Such as speech recognition, gives you a piece of audio data that needs to be recognized for the text. The audio data is the observed variable and the text is the hidden variable. There is a slight variation in sound for different contextual environments, but the approximate pronunciation is statistically regular. On the other hand, when we say a sentence, there are also some transfer rules between words.

In terms of model representation:

the HMM comprises three parameters, namely an initial probability distribution, a state transition probability matrix and an observation probability matrix.

Let Q be the set of all possible states and V be the set of all possible observations.

Q＝{q ₁ ，q ₂ ，...，q _N }，V＝{v ₁ ，v ₂ ，...，v _M }

Where N is the possible state tree and M is the possible observations.

I is a state sequence of length T, and O is a corresponding observation sequence.

I＝{i ₁ ，i ₂ ，...，i _T }，O＝{o ₁ ，o ₂ ，...，o _T }

Pi is the initial state probability vector:

π＝(π _i )

wherein,

π _i ＝P(i ₁ ＝q _i )，i＝1，2，...，N

is at time t=1 in state q _i Is a probability of (2).

A is a state transition probability matrix:

A＝[a _ij ] _N×M

wherein,

is in state q at the moment _i Time t+1 under the condition of (2) transitions to state q _j Is a probability of (2).

B is the observation probability matrix:

B＝[b _j (k)] _N×M

wherein,

is in state q at time t _j Generates observations v under the condition of (2) _k Is a probability of (2).

HMM can mainly address three problems:

probability calculation problem. Given a model λ= (a, B, pi) and an observation sequence= (o) ₁ ，o ₂ ，...，o _T ) The probability P (o|λ) of occurrence of the observation sequence O under the model λ is calculated.

Learning problems.

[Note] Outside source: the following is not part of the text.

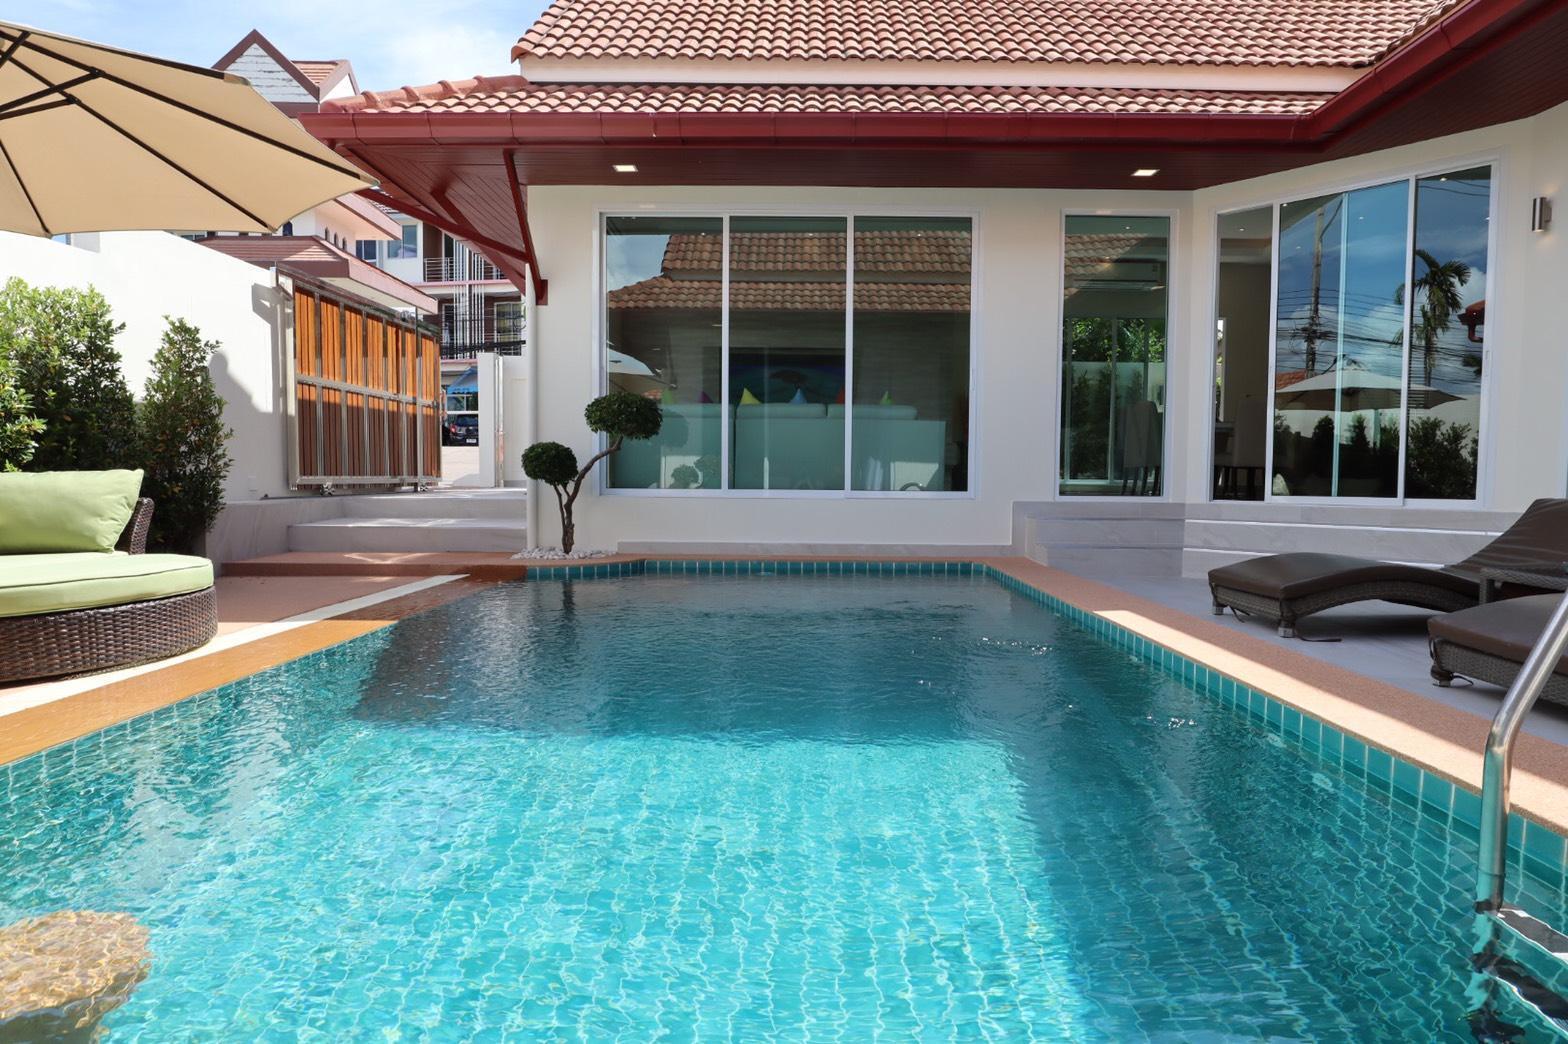 Luxury Pool Villa A14 / 3BR 6-8 persons วิลลา 3 ห้องนอน 4 ห้องน้ำส่วนตัว ขนาด 336 ตร.ม. – เขาตาโล
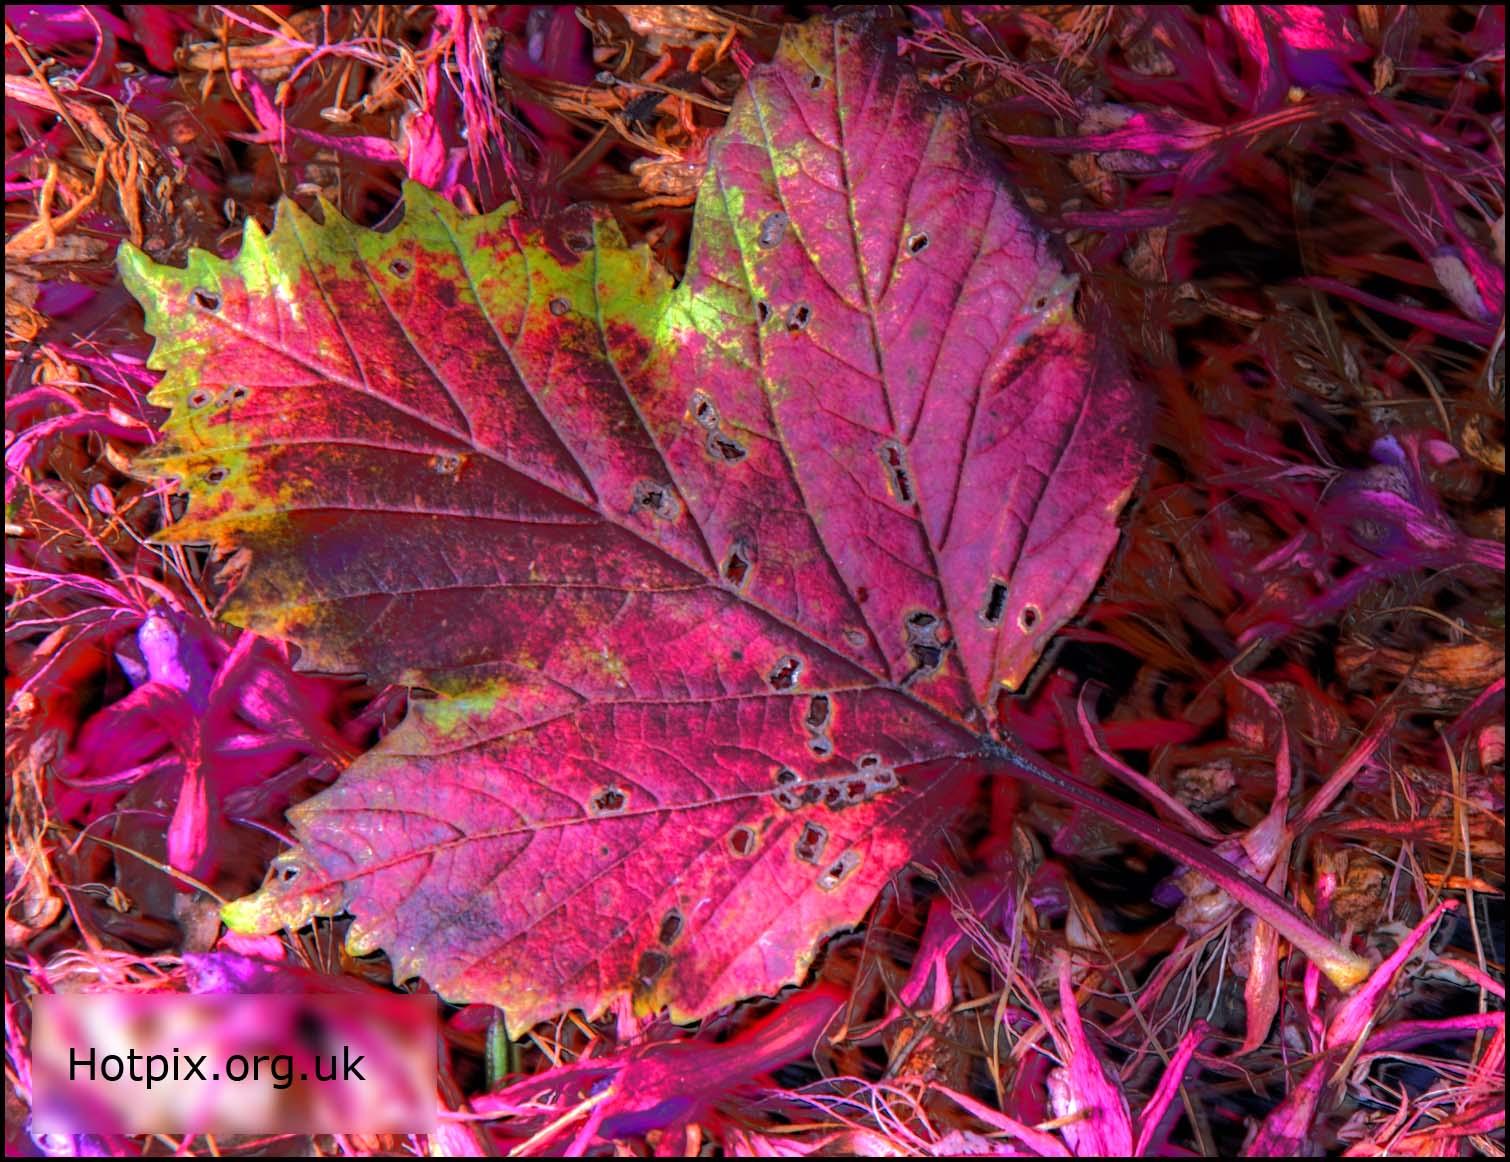 red,leaf,autumn,fuscia,bush,plant,flower,purple,petal,petals,decay,rotting,england,northwich,cheshire,weaverham,hotpixuk,hotpix,tonysmith,tony,smith,UK,TDKTony,photo,photos,photography,photographer,hotpix.org.uk,www.hotpix.org.uk,www.thewdcc.org.uk,thewdcc.org.uk,wdcc.org.uk,Warrington,society,District,Camera,club,photographic,SLR,DSLR,group,GYCA,Bellhouse,bellhouse Club,nature,natural,history,world,life,HDR,high dynamic range,bloom,flowers,flores,blome,stillife,stilllife,still

Known observation sequence o= (O) ₁ ，o ₂ ，...，o _T ) The model λ= (a, B, pi) parameter is estimated, which is the observed sequence probability P (o|λ) under this model. I.e. estimating the parameters using maximum likelihood estimation.

The prediction problem is also called decoding (decoding) problem. The known model λ= (a, B, pi) and the observed sequence o= (O) ₁ ，o ₂ ，...，o _T ) Solving a state sequence I= (I) with the maximum conditional probability P (I|O) for a given observation sequence ₁ ，i ₂ ，...，i _T ). I.e. given an observation sequence, the most likely corresponding sequence state is found.

When marking logs, firstly marking the structures of the logs, and preliminarily determining the log structures of different log types. In this embodiment, eight types of relatively typical logs are selected for marking, namely, apache access, apache error, aruba wireless, nmginx access, nmginx error, exchange, juniper firewall logs, and VPN, and data samples thereof are shown in fig. 4 to 11, respectively.

The log content is then marked. The internal structure in the log is shown in table 1:

TABLE 1

The log data is marked below. For sequence annotation problems, the annotation typically uses an identifier such as B, M, E, S, O. S denotes a single character, B, M, E denotes the beginning middle and end parts of a character string, respectively, and O denotes a character that is not log-structured. The above log internal structure and B, M, E, S are labeled in combination. For the log: "192.168.3.1- [08/Aug/2017:00:31:26+0800] "GET/qx/xts/images/x_gkbg.jpg HTTP/1.1" 200 1171", the corresponding labels are shown in FIG. 12.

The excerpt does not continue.